News had arrived here of Yaxley's visit to your Majesty and his return. The Queen was informed that his mission was for three purposes, namely ; to advise your Majesty of his Queen's wedding and ask your Majesty's approval of it ; to ask for aid against the rebels on the assurance that they had risen against religion, and thirdly to crave an advance of money for which they would give security in Antwerp. They said that this Queen was helping the rebels and that I had written to your Majesty that such was not the case.
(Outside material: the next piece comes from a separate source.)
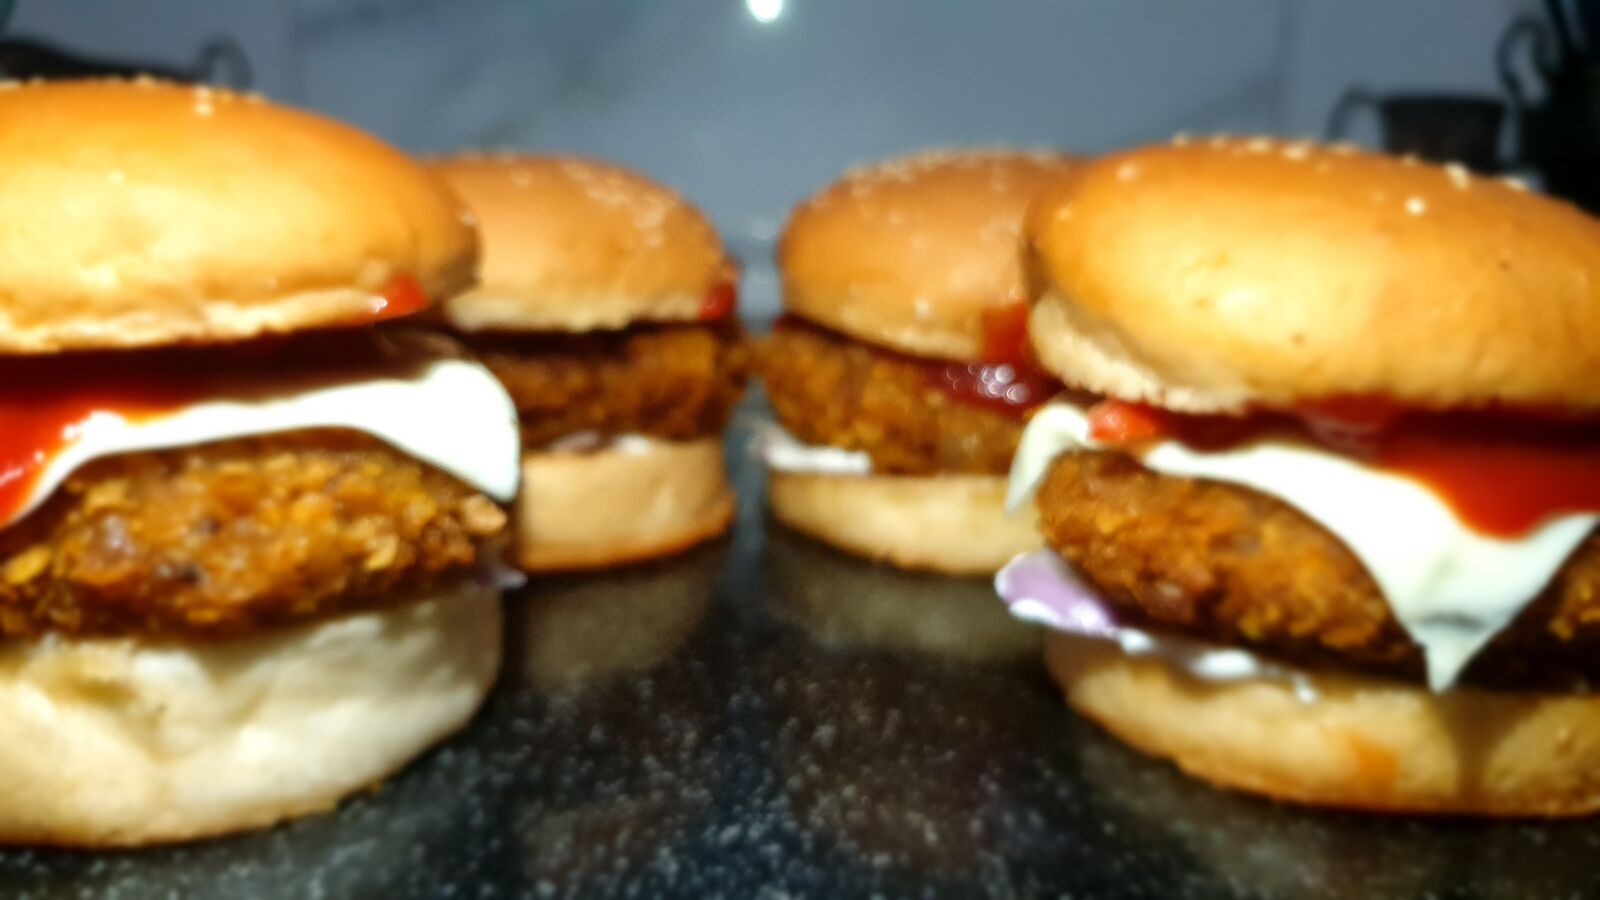 Samsung Galaxy S9 sample photo. Burger, cheeseburger, tasty food photography

Your Majesty had replied that you were pleased with the marriage, and as regarded the rebels that you were willing, if the queen of Scotland wished to send a person to prevail upon this Queen not to give any help, and in case of the refusal of the latter your Majesty would take such steps as might be advisable. With regard to the rest Yaxley was said to have returned disappointed, whereat they rejoiced.
Parliament has been prorogued until the 13th November. It was to have commenced in February, next month. The ambassador who has been appointed to reside in your Majesty's court has visited me, and yesterday accompanied me to and from the palace. His name is Curtene (Man) and he is a worthy person who speaks Italian, and upon whom, notwithstanding that he is married, the Queen has conferred the deanery of Ghio celtre (Gloucester) and other preferments which are worth some 2,000 ducats a year. They tell me that his greatest merit is that he is a stanch heretic. Another one goes to France who is married to a sister of Cecil's wife. (fn. 2) —London, 28th January 1566.


  • 1. For details of this quarrel, which appears to have been ostensibly about a game at forfeits, see letter from Giacomo Surnian, 19th February 1566 in Calendar of State Papers, Venetian, vol. vii.
  • 2. Sir Thomas Hoby. He died in Paris in July of the same year.